Jan 26 2010, 12:57 AM
Ok, so I want to launch multiple model rockets individually from the same board. I have devised a scheme that would work using CAT6 wire, so I should be able to connect 5 ignitors to a common ground (the 6th wire). Each of the 5 firing circuits has its button or momentary switch. Each has a continuity light to let me know when the circuit is firing. However, I don't know how to make the ENTIRE setup have a continuity light. Using my current diagram, there is a master switch that gives power to all the circuits. I want a light to illuminate when I turn this switch on. How do I do that without stealing the power from the sub-circuits? BTW, I will only be firing one circuit at a time.
Feb 21 2010, 07:38 PM
If you don't want to steal power from the subcircuits (even though an LED uses VERY little power, maybe around 20mA), I would use something called a Driver chip.
Now, I am assuming you are using a separate power source of power supply to drive the LED (otherwise you would be "stealing power from the subcircuits"). This seems quite unnescessary, but you know more about your project than I do.

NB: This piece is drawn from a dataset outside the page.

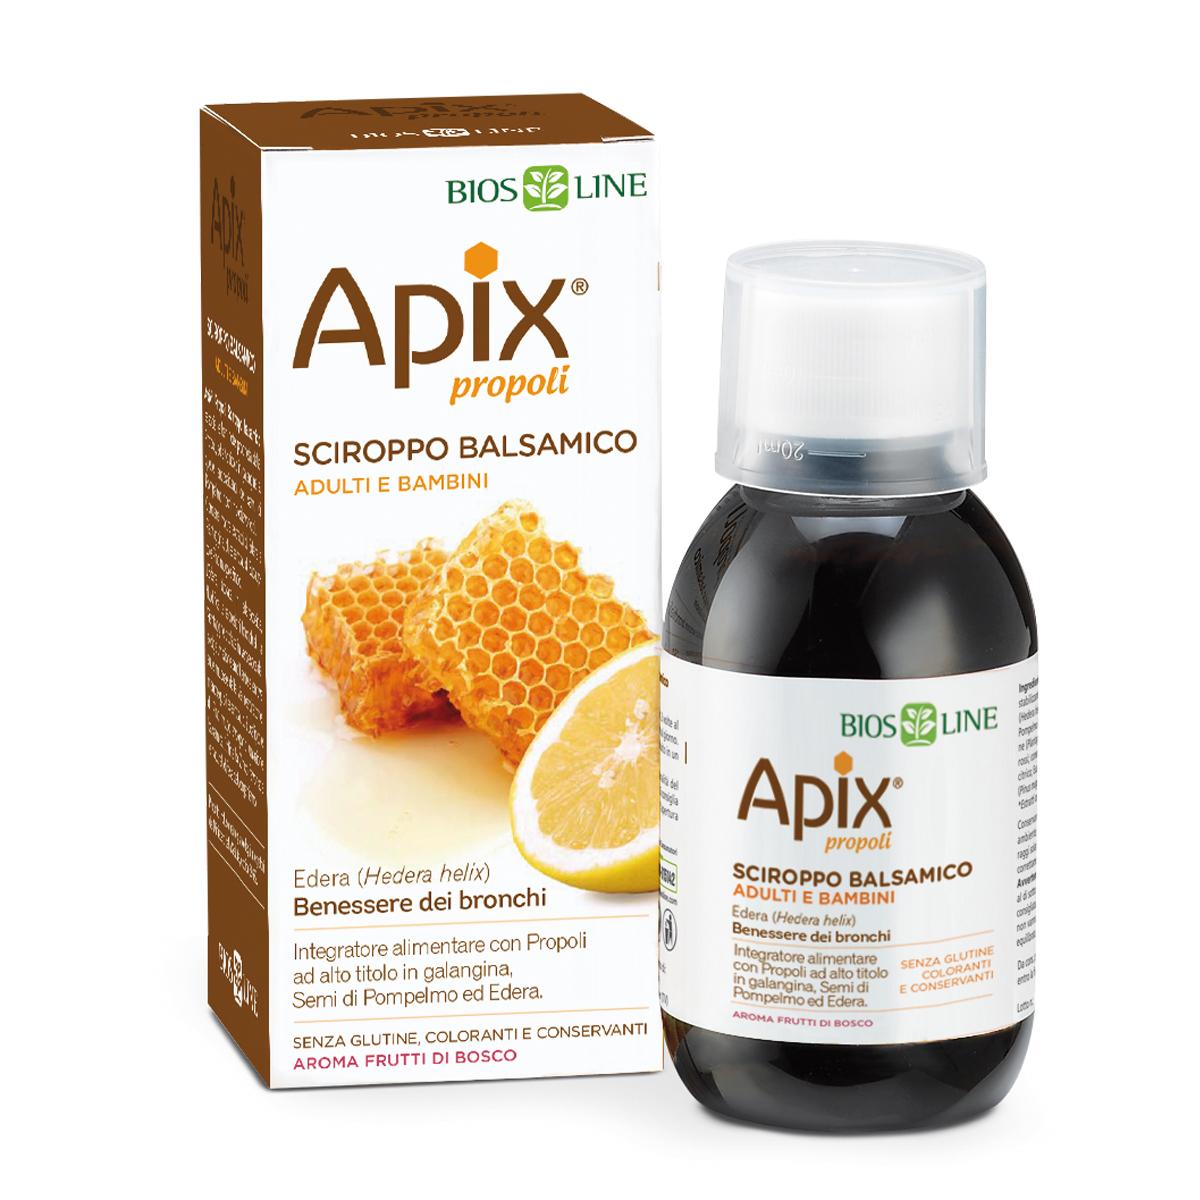 Apix Propoli Sciroppo Balsamico

A Driver chip comes in a DIP package (breadboard) or surface mount so you can put it wherever you want. It essentially has a bunch of inputs and a bunch of outputs. The inputs take a logical high or low. There is one ground wire as well. So what happens is, if I apply a logic high to input pin 1, it will ground output pin 1.
So, what does this mean? Usually, they are used in the following way:
The VCC leg of the LED is connected to VCC through a resistor (use an LED resistor calculator to find out what value you need based on the voltage and current of you LED). The other leg, (GND) is connected to the output pin 1 of the Driver chip. The input pin of the driver chip is connected to your VCC for your firing circuit somewhere after the switch. Now, when the ALL POWER switch is not switched on, the Driver chip input will receive a logic 0 (technically it is an indeterminate state, but let's not worry about that for an application like this) and the LED will not be grounded, so it will be off. When you turn the ALL POWER switch on, the chip will receive logic 1, ground pin 1, and complete a circuit for the ALL POWER LED.
Again, this seems like massive overkill and I would just wire a single LED with a large resistor in series to the right of that purple wire, but best of luck. If this seems like a good solution, I can help you find a suitable driver.
Hope this helps!